- Native to: Australia
- Region: Daly River
- Ethnicity: Marrithiyal people, Maridan, Mariamo, Maridjabin, Marijedi
- Native speakers: 15 (2016 census)
- Language family: Western Daly Marrithiyel;
- Dialects: Marri Ammu; Marritjevin; Marridan; Marramanindjdji; Marrithiyel;

Language codes
- ISO 639-3: Variously: mfr – Marrithiyel xru – Marriammu zmj – Maridjabin zmd – Maridan zmy – Mariyedi
- Glottolog: mari1420
- AIATSIS: N7
- ELP: Marrithiyel
- Marriammu
- Maridjabin
- Maridan
- Mariyedi
- Marrithiyel is classified as Critically Endangered by the UNESCO Atlas of the World's Languages in Danger.

= Marrithiyel language =

Endangered Aboriginal language spoken in Australia's Northern Territory

Marrithiyel (Marithiel, also Maridhiel, Maridhiyel), also known as Berringen (Bringen, Brinken), is an Australian Aboriginal language spoken by the Marrithiyal people.

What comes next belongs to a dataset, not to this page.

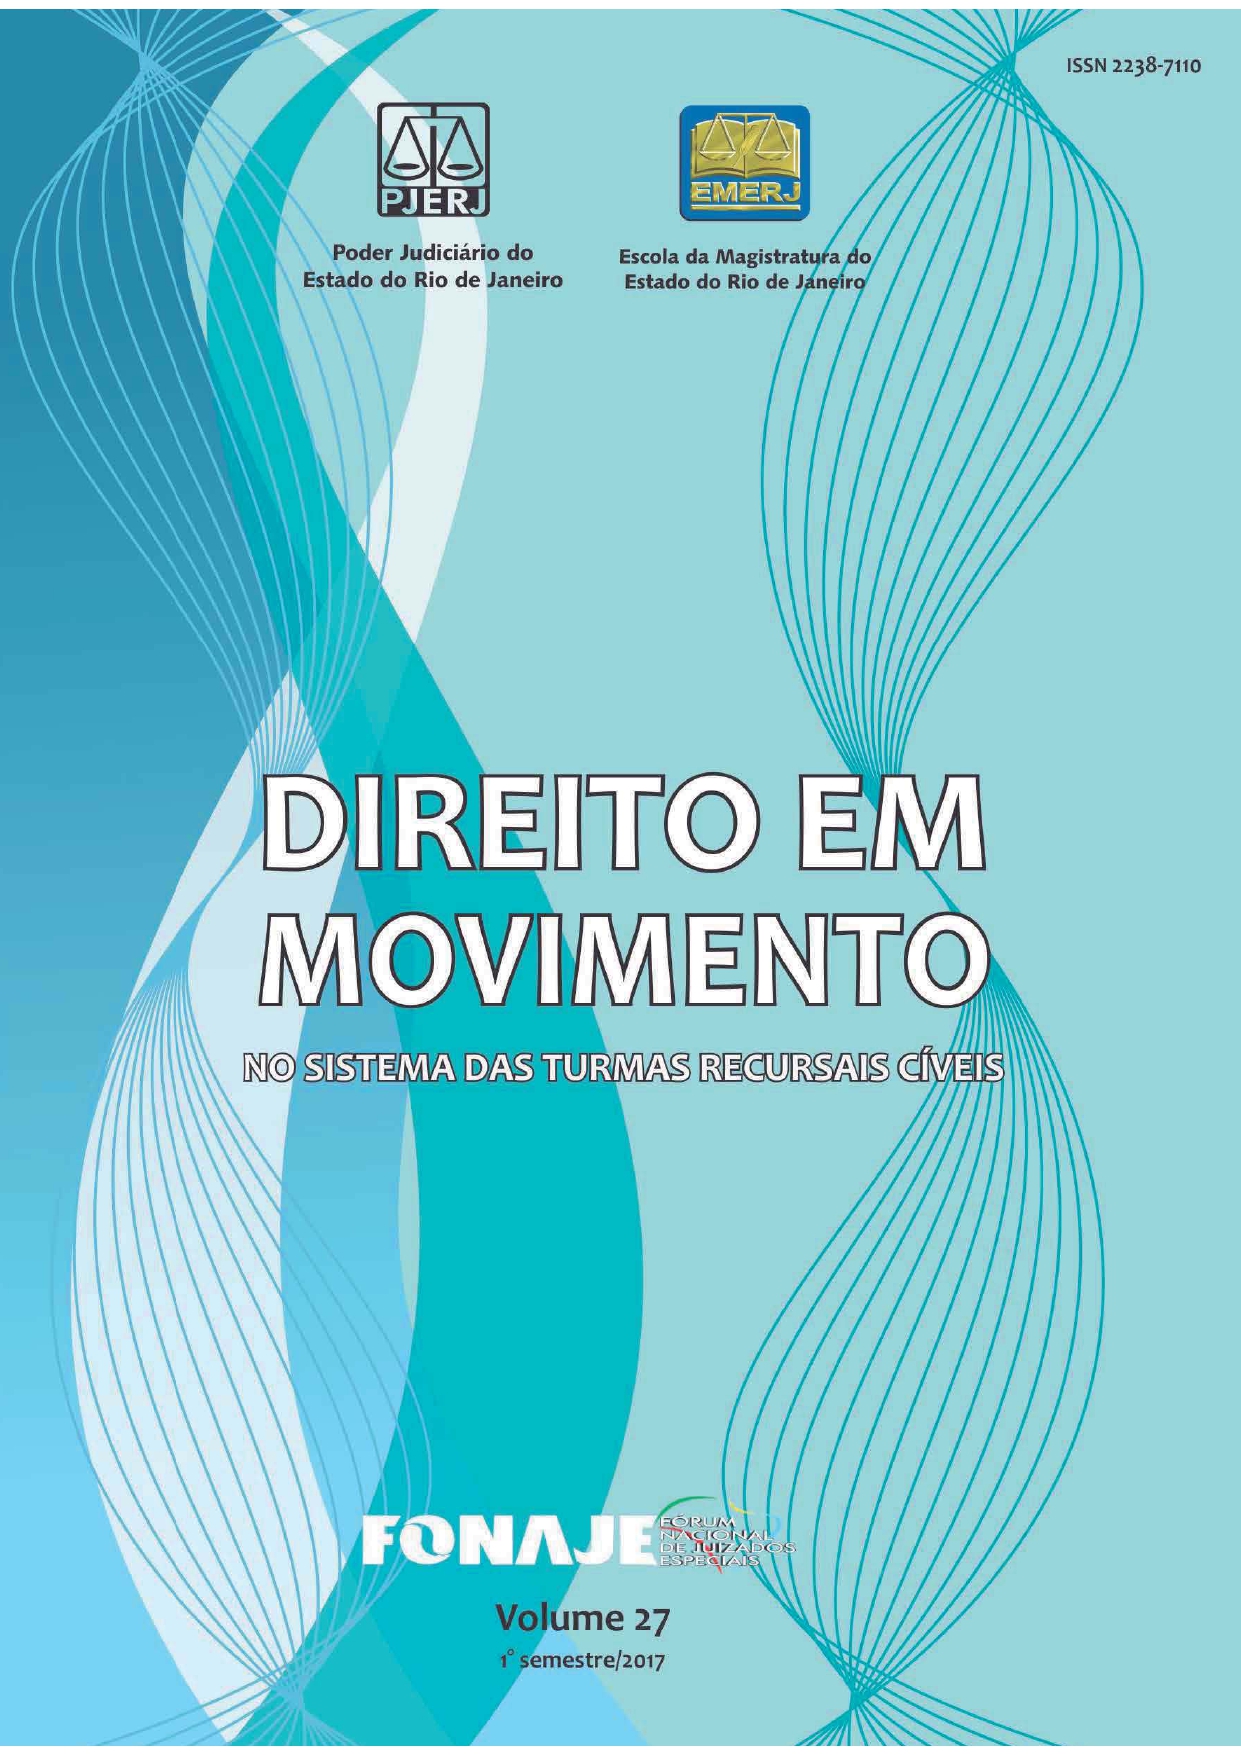 					Afficher Vol. 27 (2017): Revista Direito em Movimento (Numeração antiga)

Dialects besides Marrithiyel proper are Nganygit, Marri Amu (Marriammu, Mare-Ammu), Maridjabin (Maredyerbin, Maretyabin, Maridyerbin, Maritjabin), Marridan (Meradan), and Mariyedi.

The Marri Amu dialect is part of a language revival project to save critically endangered languages.
As of 2020, Marri Amu is one of 20 languages prioritised as part of the Priority Languages Support Project, being undertaken by First Languages Australia and funded by the Department of Communications and the Arts. The project aims to "identify and document critically-endangered languages — those languages for which little or no documentation exists, where no recordings have previously been made, but where there are living speakers".

==Phonology==

=== Consonants ===

|  | Labial | Velar | Dental/ Alveolar | Palatal/ Retroflex |
|---|---|---|---|---|
| Stop | p | k | t | c |
| Nasal | m | ŋ | n | ɲ |
| Fricative |  |  | θ | ʂ |
| Trill/Flap |  |  | ɾ~r |  |
| Lateral |  |  | l |  |
| Approximant | w |  | ɹ̠ | j |

- Retroflex sounds /ɳ ɭ/ may have also been recorded.
- Alveolar sound /t/ may also be heard as [ʈ].
- A dental fricative /θ/ can also be heard as a stop [t̪].

=== Vowels ===

|  | Front | Central | Back |
|---|---|---|---|
| High | i |  | u |
| Mid | ɛ | (ɜ) |  |
| Low |  | a |  |

- An additional central vowel [ɜ] is also heard among dialects.
- /i u/ can also be heard as [ɪ ʊ].
- /u/ may also have an allophone of [ɔ].
- /a/ can have front and central allophones of [a ɒ].